We have heard a lot about tax simplification—indeed, it was the reason for the so-called granny tax—but it appeared to go out of the window when it came to child benefit changes for higher rate taxpayers. The Finance Bill will give us a complicated set of arrangements that will involve making decisions about whether two people are a couple, whether or not they are regarded as living together and when a relationship has sufficient permanency to affect the provisions. All those issues are extremely complicated and, as even some Government Members have said, they will involve employing more people to work them out. As we said, there will be administration costs.

When the changes were announced with a great flourish at the Tory conference, we pointed out the anomalies, difficulties and expense that would arise. I suspect that there will be further changes yet, because there is no point in pretending that the measure is not difficult.

On the higher tax rate issue, it was far too soon to jump to the conclusion that the 50p rate was not bringing in the revenues one might have hoped for.
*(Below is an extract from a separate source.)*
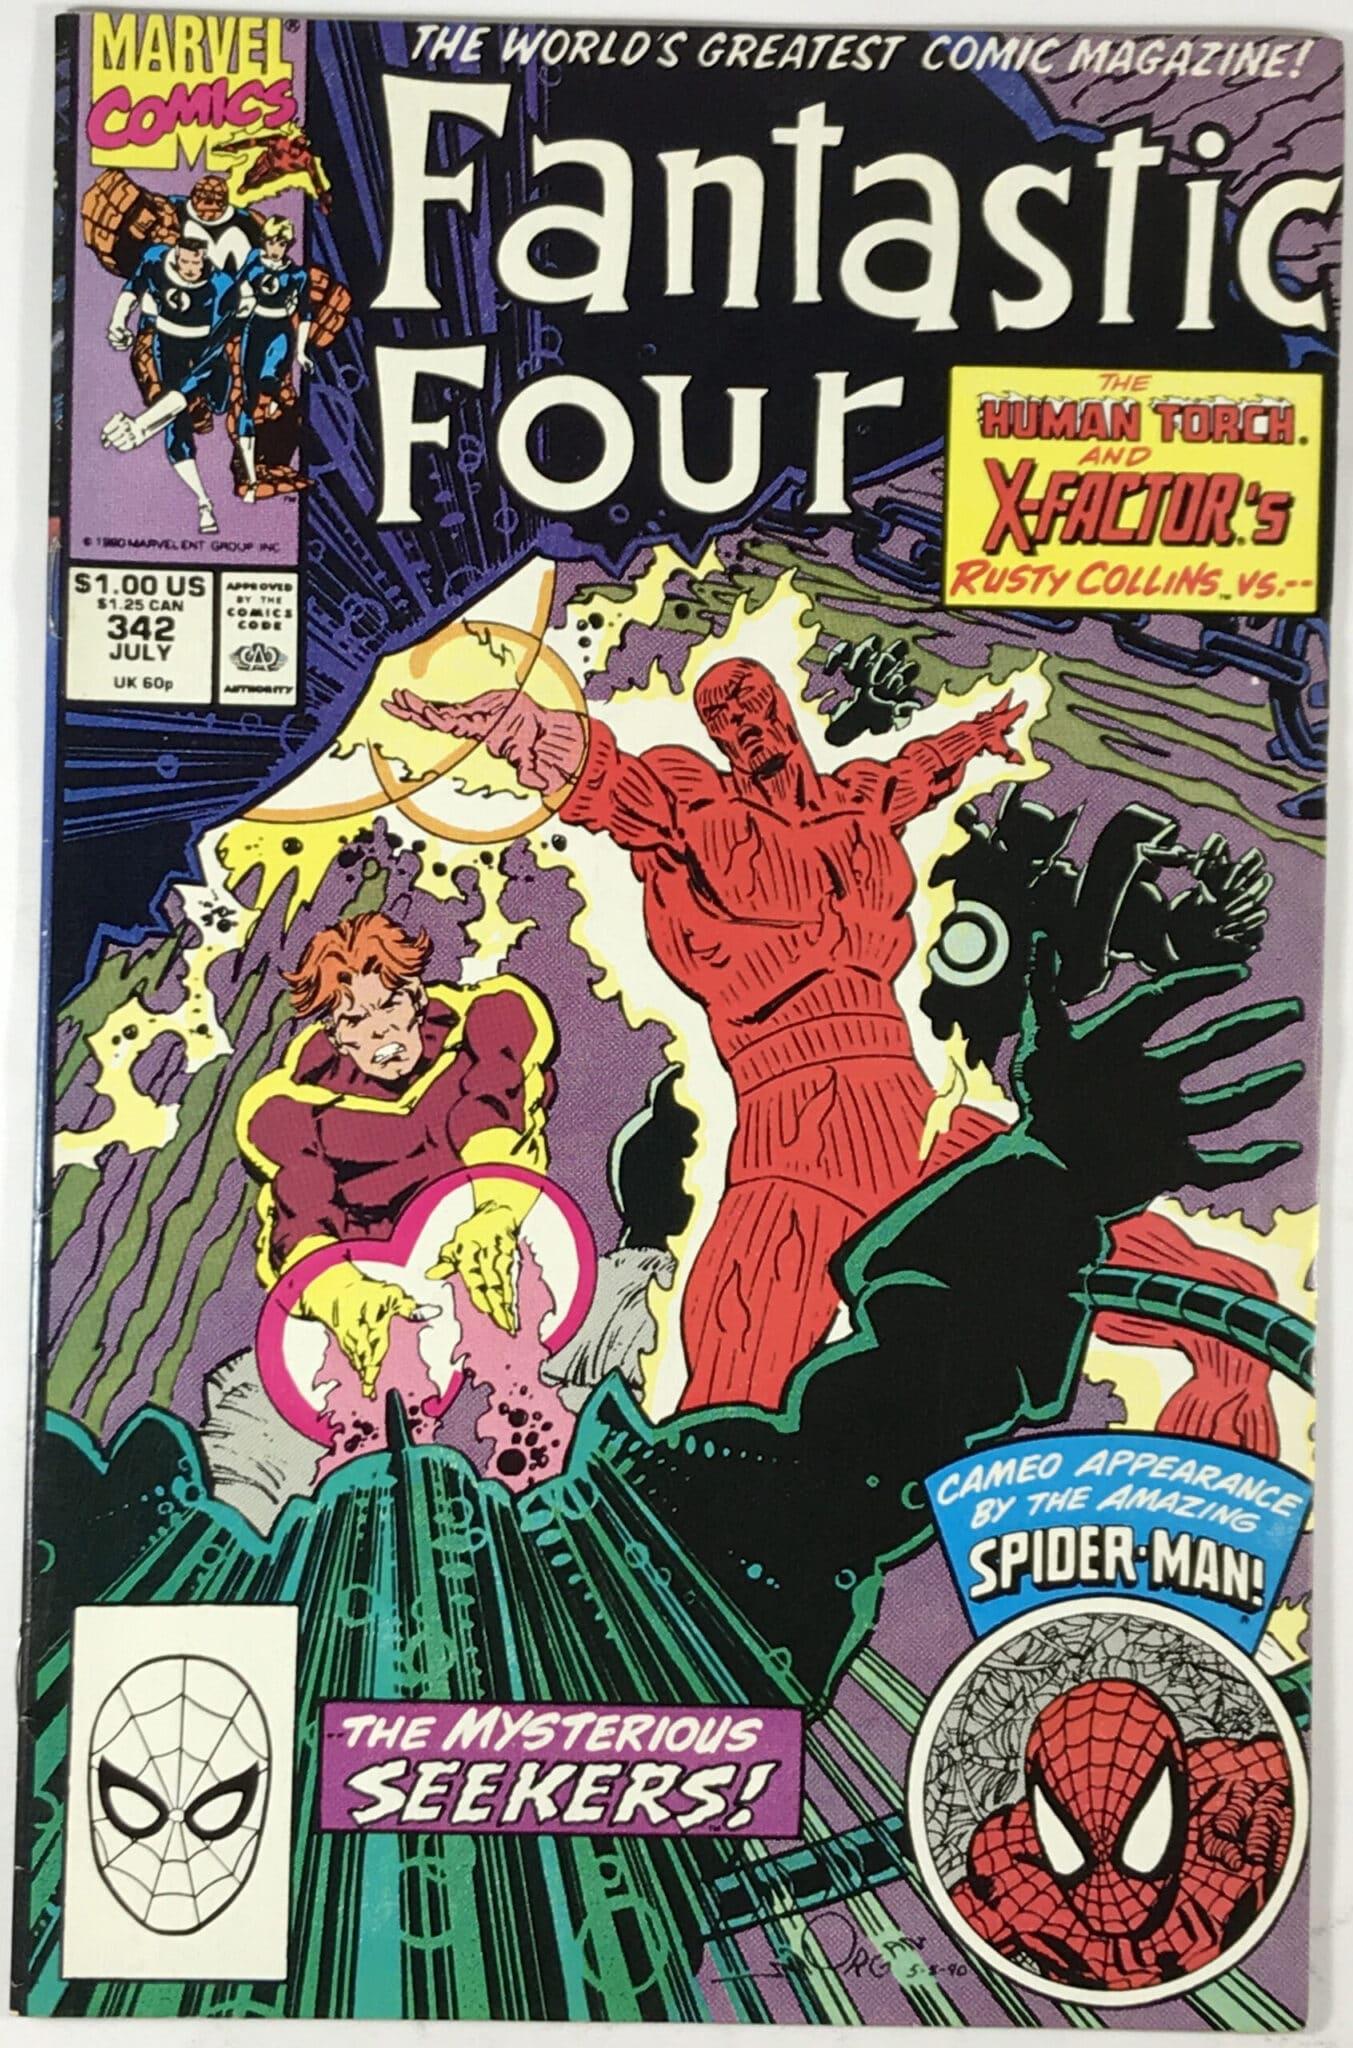 Fantastic Four (1961-1998) #342 Comic Book - Very Fine

It was hardly given the opportunity to start. In effect, people on high incomes were using a form of blackmail on the rest of us: “If you put up taxes, we’ll find ways of avoiding them.” What did the Government do? They rolled over and said, “Oh all right then, we’ll lower the rate of tax.” If low-paid workers or people who lost their working tax credit when they could not find enough hours decided that sensible tax planning for them would be to stop work, because they would better off, they would be regarded as people who would rather stay at home watching daytime television than work hard. There is one rule for one set of people and one rule for another.

Tax avoidance should be tackled, but it is not a good sign when at the first whimper from higher rate taxpayers—the first effort to avoid the tax—the Government say, “Okay, we’ll change the tax rate for you.” That is what the Government stand for. It has been clear in this and previous Budgets that there is gross inequality in the way people are treated. People at the bottom who have been suffering from the changes in tax and benefits and are struggling to keep their heads above water find that even the new jobs supposedly created over the past two years—most of which were created in 2010—are part time and do not give them a higher standard of living. I urge Government Members to rethink their support for the Budget and to vote with us tonight.